**EXERCISE DATA**.

-- Opening Marker --

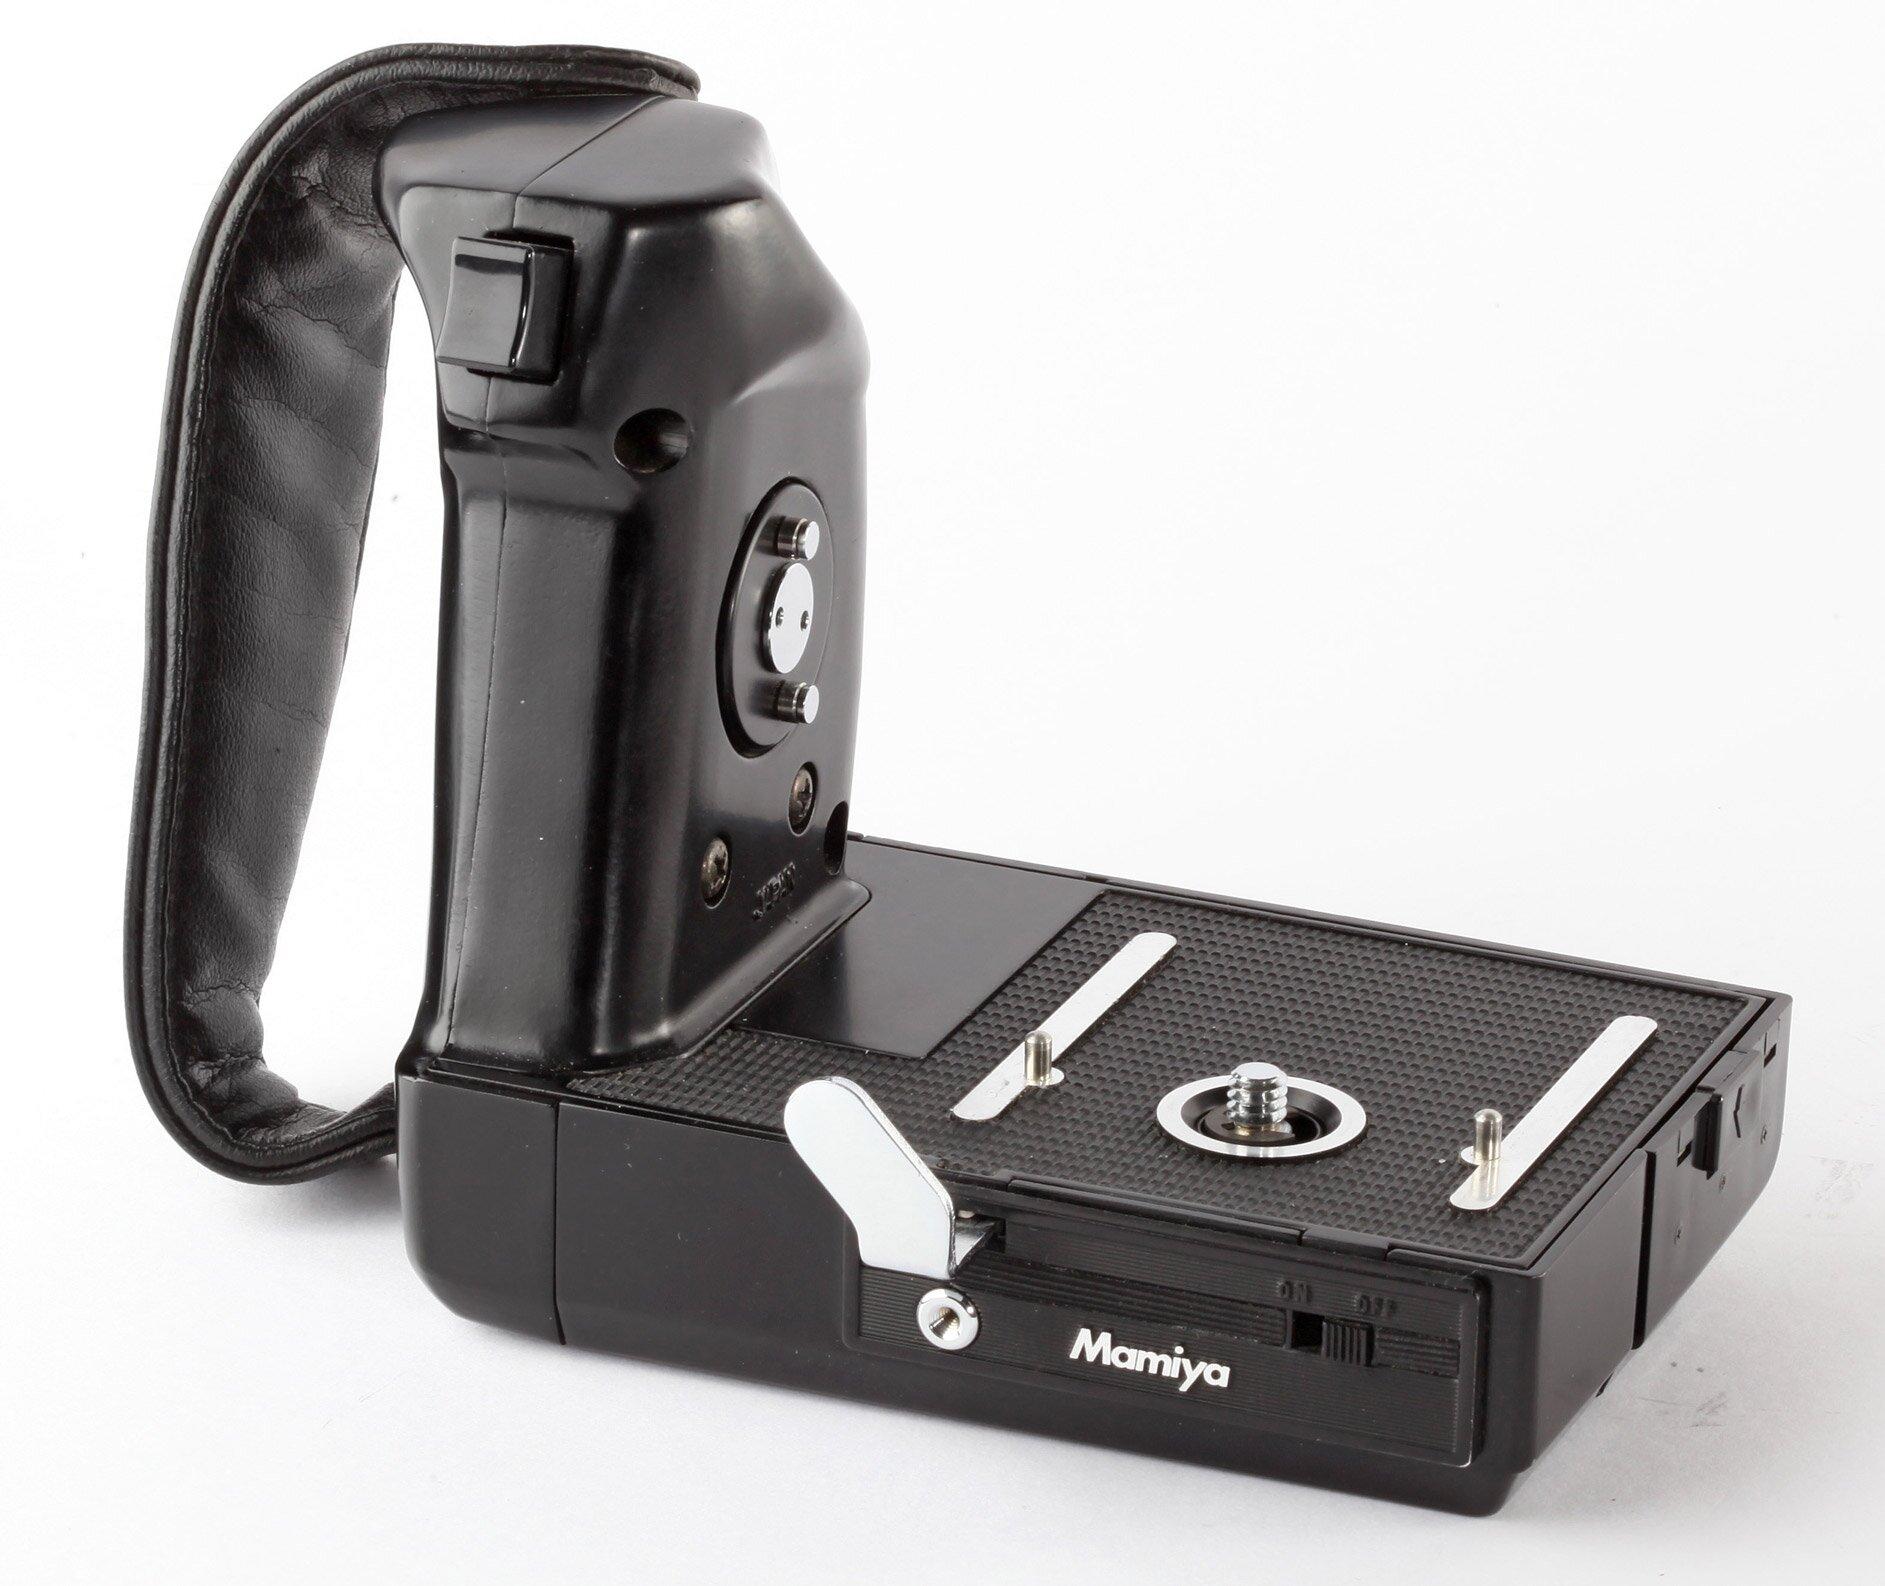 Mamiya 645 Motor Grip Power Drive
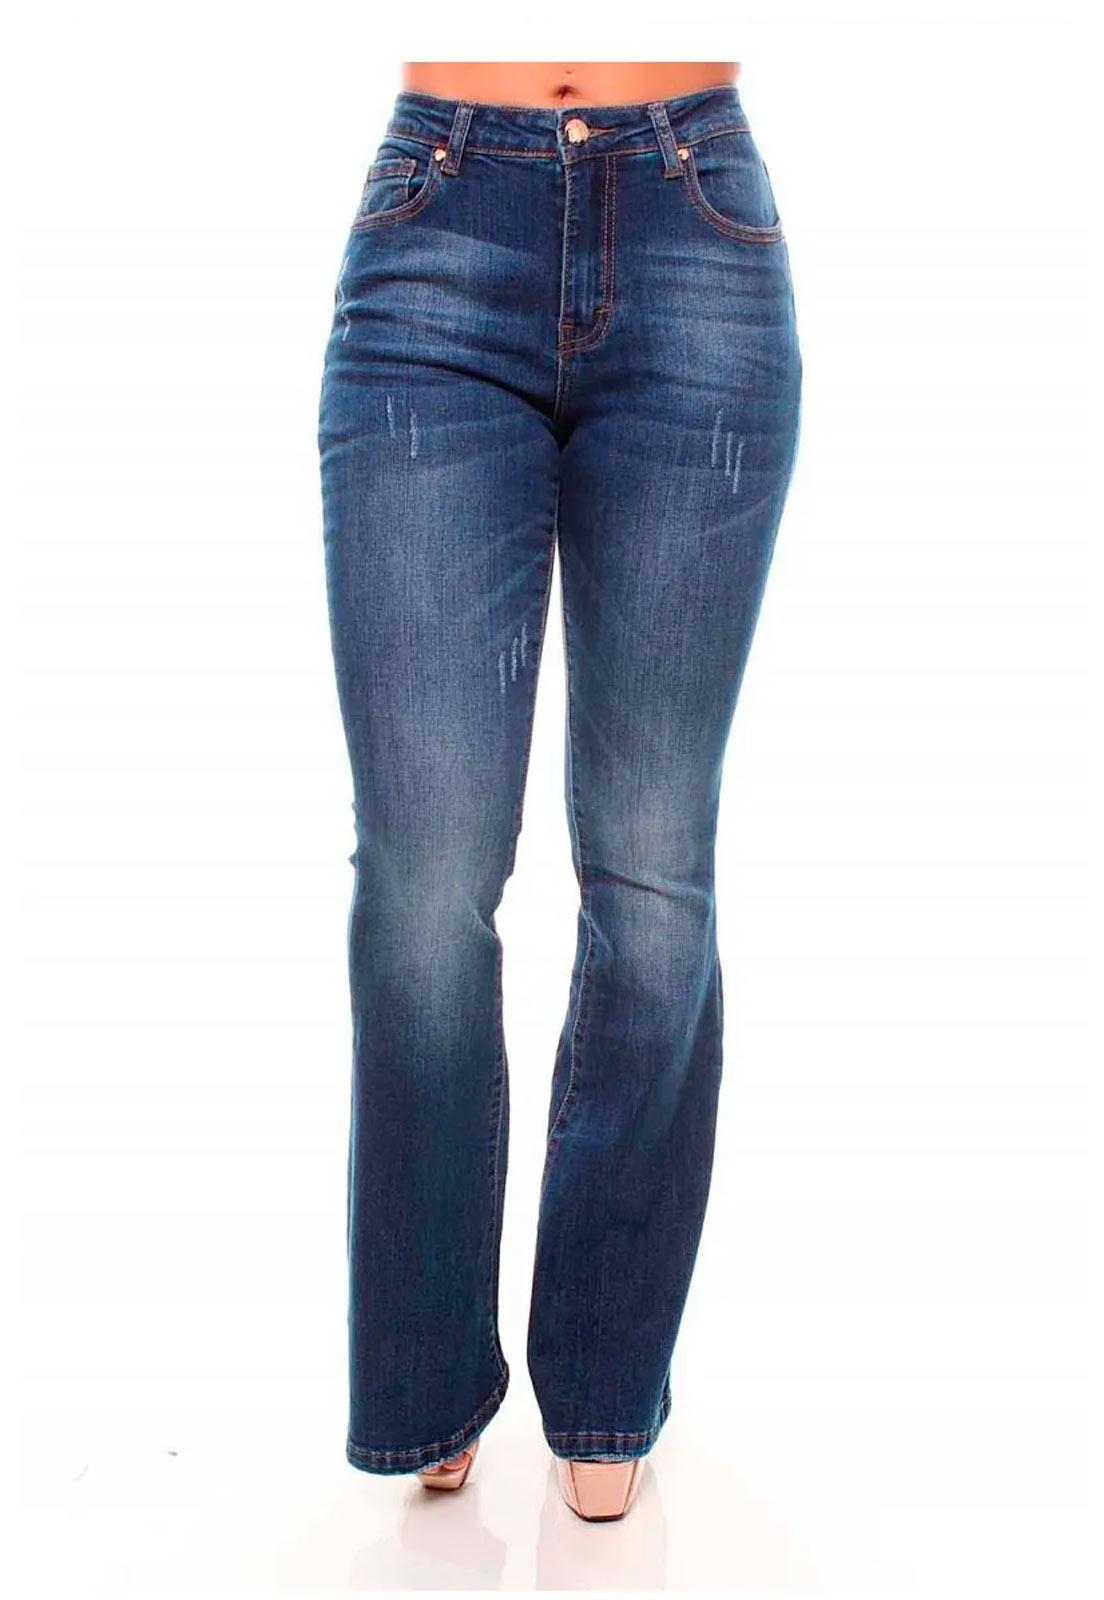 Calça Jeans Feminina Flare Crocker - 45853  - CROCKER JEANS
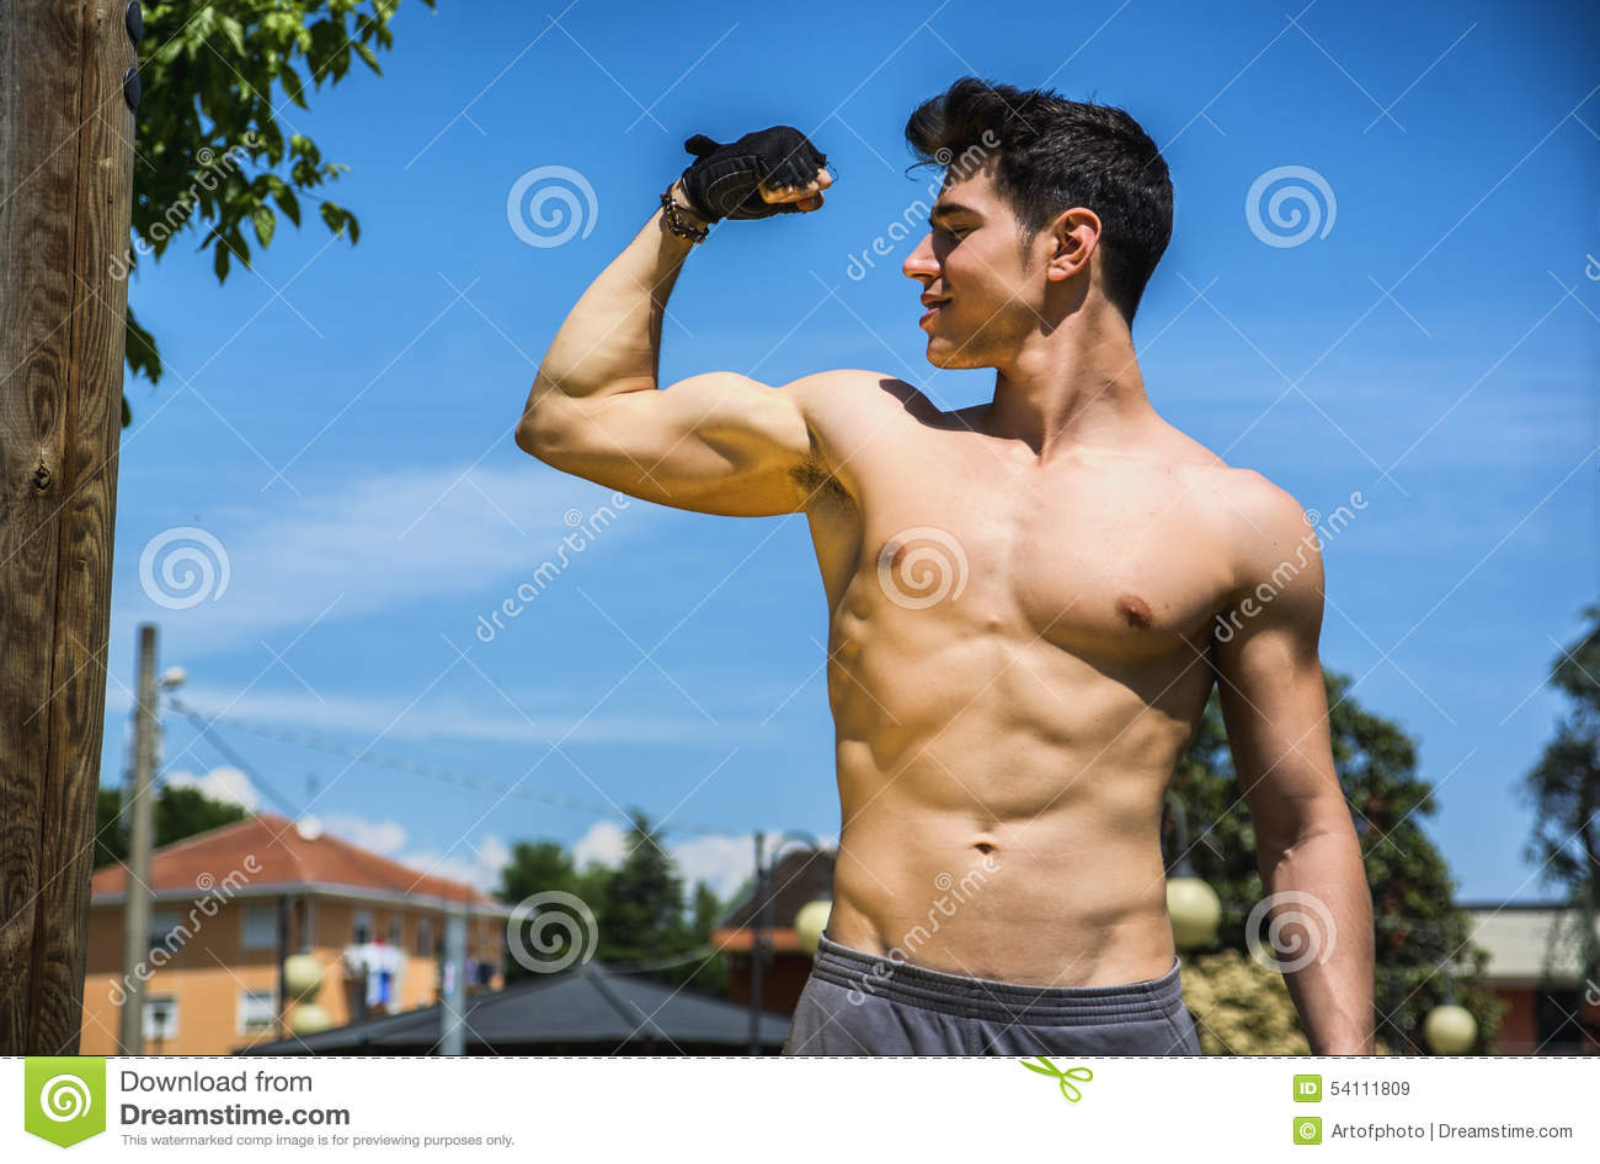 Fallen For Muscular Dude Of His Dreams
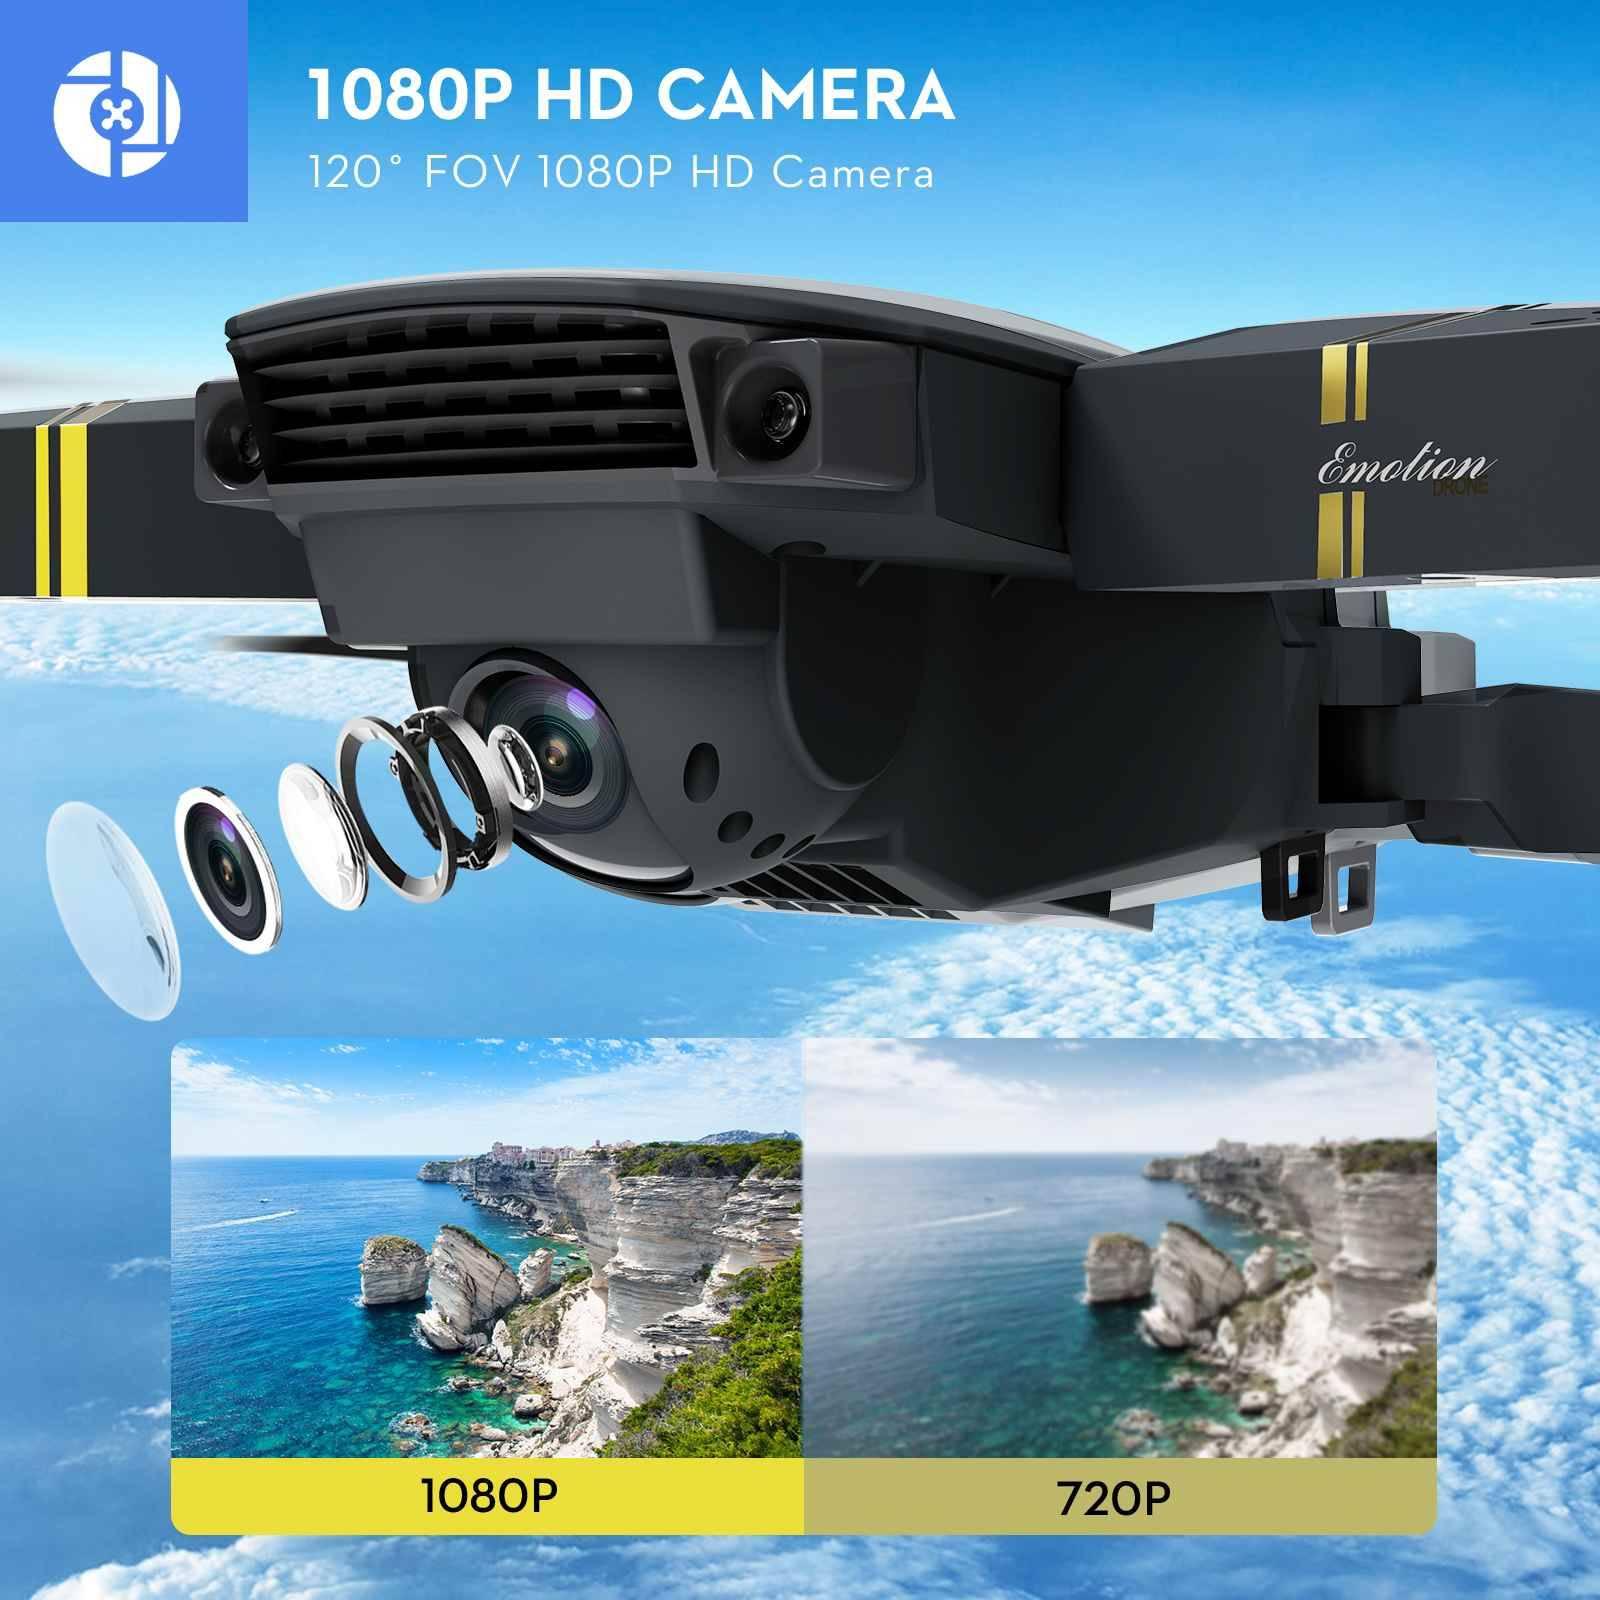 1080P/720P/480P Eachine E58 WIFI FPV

-- Closing Marker --

**EXERCISE PROMPT**.
Your copy should hold only the lines from the one containing "Fallen For Muscular Dude Of His Dreams" through the last line of the listing, both included, retyped exactly and free of pictures.

**WORKED SOLUTION**.
 Fallen For Muscular Dude Of His Dreams
 1080P/720P/480P Eachine E58 WIFI FPV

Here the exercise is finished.